B&H and Adromdra (SP) both seem to carry Slavich, I ordered from B&H took 3 weeks.
Why?
paper negatives
Oh.
Here is an idea ... use film.
When I was doing paper negatives ( a long time ago), I preferred single weight fiber paper. I would often use pencil, on the reverse side of the paper, to add to the highlight areas, before contact printing a positive. I don't know if you use this technique, but it's harder to do on RC paper.
I've shot paper negatives for decades, and have contacted printed paper negatives made on Arista grade 2 RC paper. I see no issues with the paper texture showing through in the print. I don't see why you'd need thinner paper.
There's the chance that thinner paper might actually show the paper fiber easier. A thicker RC paper diffuses more of the light through the backside.
There might be a difference in sharpness of the print, based on the negative thickness, though I use a condenser enlarger as my contact printing light source just for this reason, as the light is more directional/collimated and should enhance sharpness (think condenser over diffuse enlargers re:sharpness and micro-contrast.)
I'd suggest use a grade 2 RC paper negative (so that the negative contrast is independent of the subject's color temperature) and a condenser enlarger as a contact printing light source. Should work fine.
~Joe
PS: One caveat is if you intend on alternative processes, where UV light is used, then of course you wouldn't use an enlarger as a light source.

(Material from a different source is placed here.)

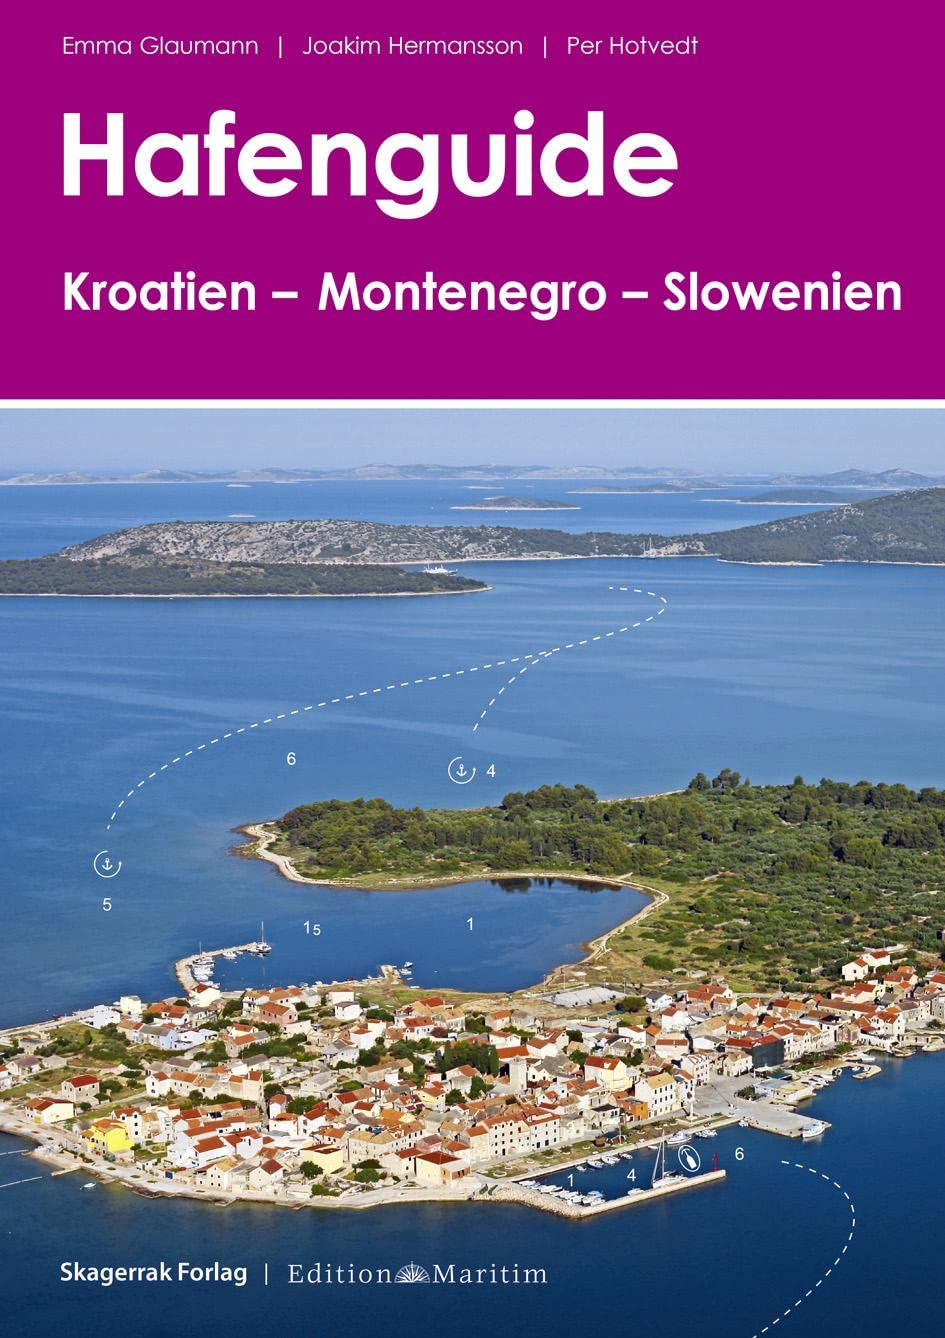 DELIUS KLASING Hafenguide Kroatien–Montenegro–Slowenien

When I was doing paper negatives ( a long time ago), I preferred single weight fiber paper. I would often use pencil, on the reverse side of the paper, to add to the highlight areas, before contact printing a positive. I don't know if you use this technique, but it's harder to do on RC paper.
That's a useful dodging mask technique. If the paper-base is too 'shiny', being RC or whatever, then a piece of tracing paper can be laid over the back of the paper-neg to take the pencil. It loses a little bit more light, but can still be useful.

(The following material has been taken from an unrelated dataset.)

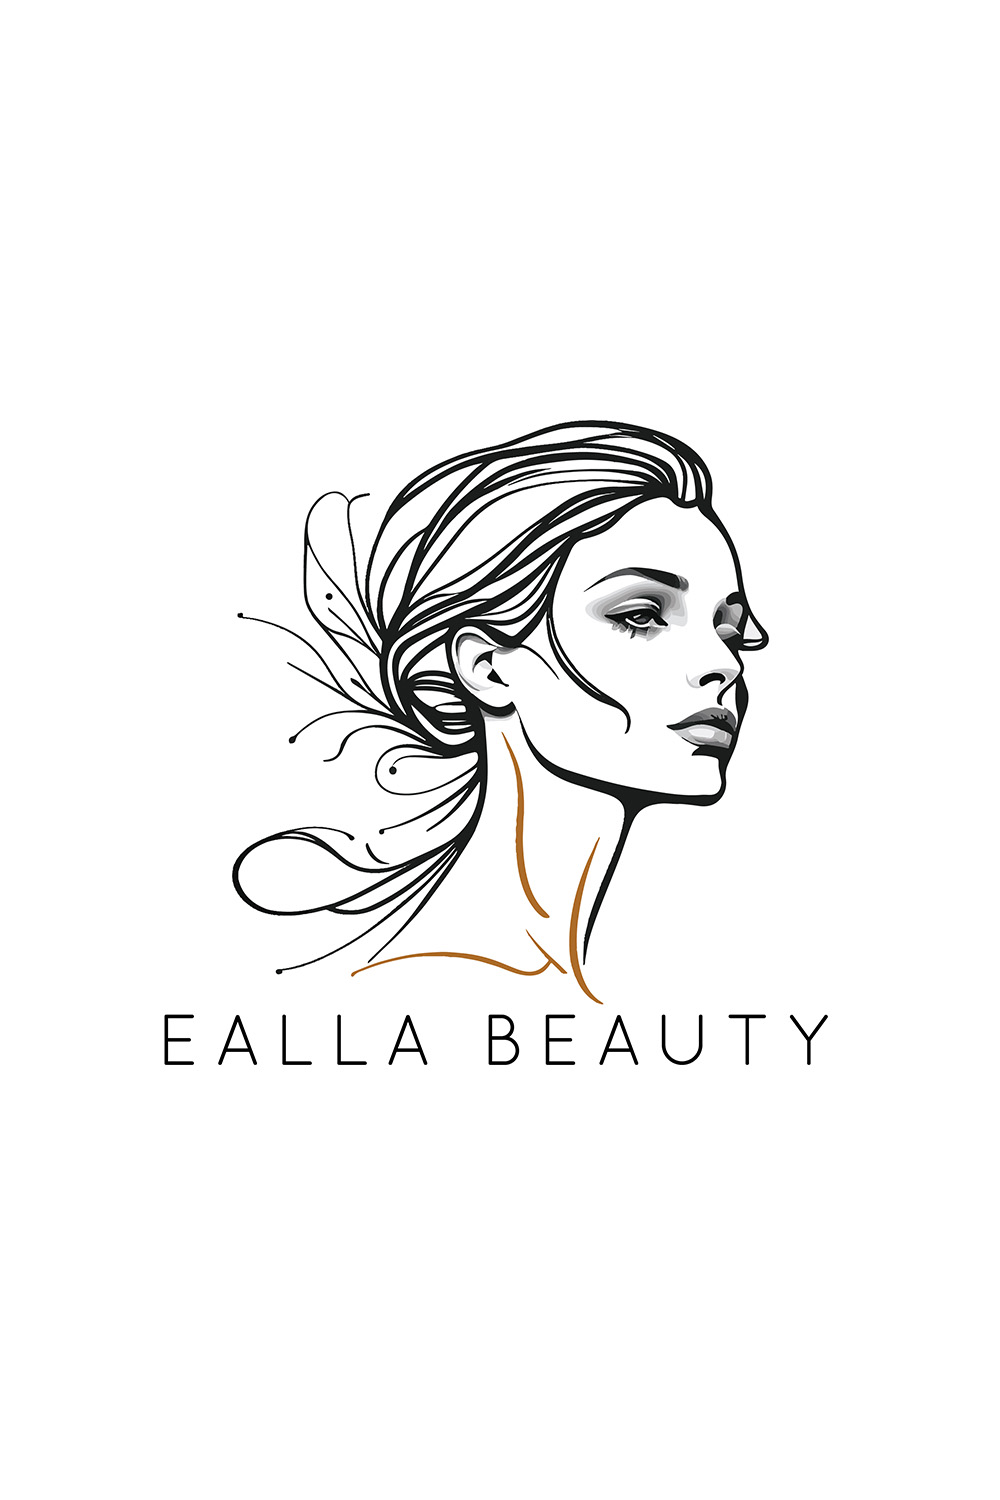 Beauty logo - Girl face beauty logo - illustration artwork design - makeup beauty logo pinterest preview image.

I hope OP will come back and report how the Slavich paper works.
I agree that using pencil on the back is an interesting technique. Lately I've been playing around with Dead Link Removed technique, and you can "burn" on the back of the interpositive and "dodge" on the back of the negative. There is a lot of control possible. I'm a beginner but have already made contact prints using this process that brought out skies that are difficult to print using traditional dodging and burning under the enlarger ( e.g. burning sky when there is a difficult horizon ). Although my purpose is to make large negatives for other uses.

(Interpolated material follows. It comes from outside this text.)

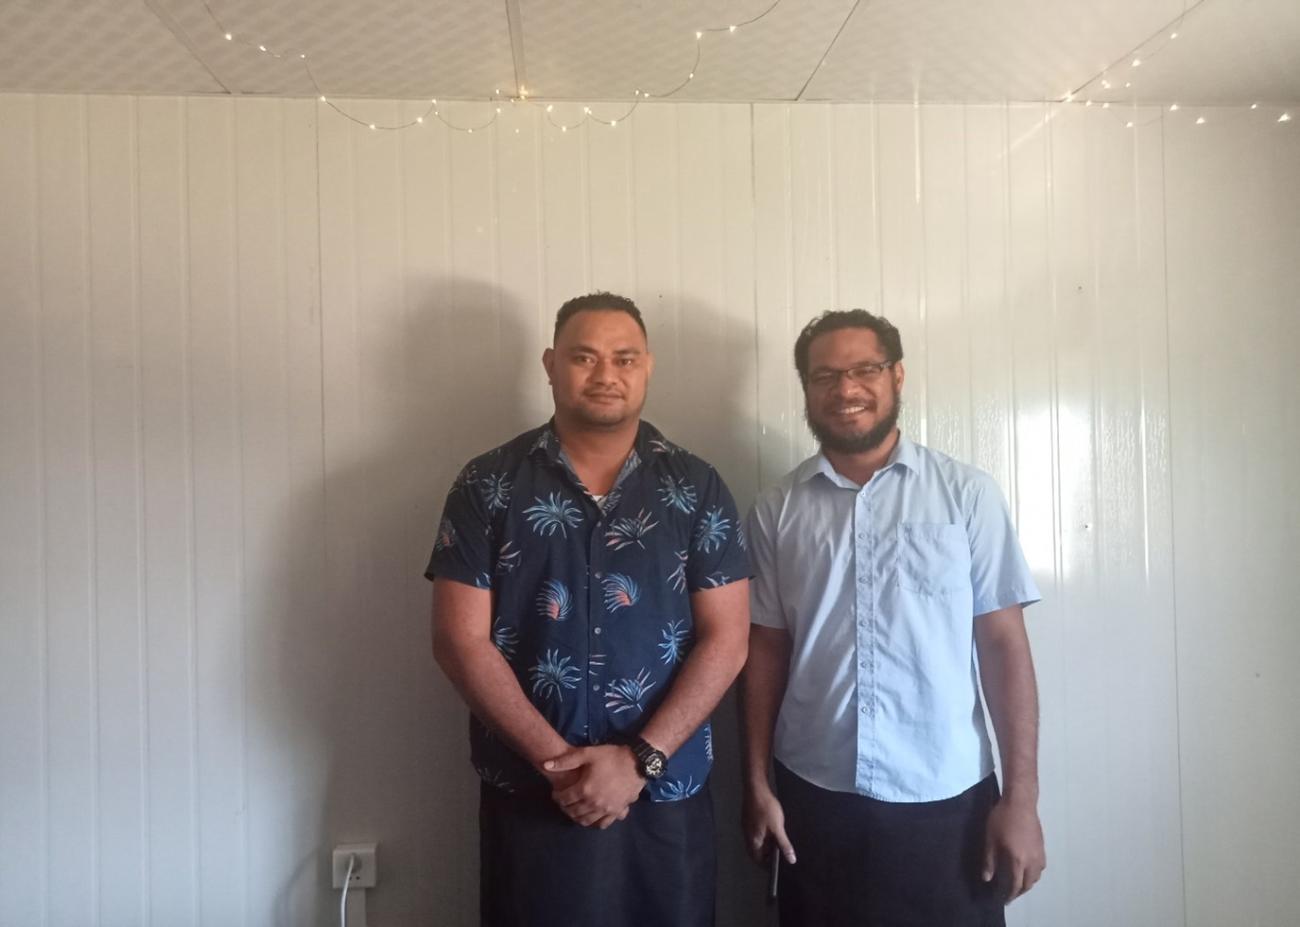 Mr. Sosefo Tofu from PCREEE and Mr. Simona Kilei, Director for Energy in Tuvalu

For alt processes, I don't know about FB but the three kinds of RC paper I've tried all have optical brighteners in them that glow strongly under a UV light. This may cause the entire paper to become a more diffuse source when contact printing, but I'm not sure about that ( the "glow" might not have much UV in it, so maybe it doesn't really matter. )
Here's a recent enlarged paper negative from one of my favorite photographers.
hi analog65
you might also make sure that whatever paper you use doesn'thave
the maker's information embossed on the back.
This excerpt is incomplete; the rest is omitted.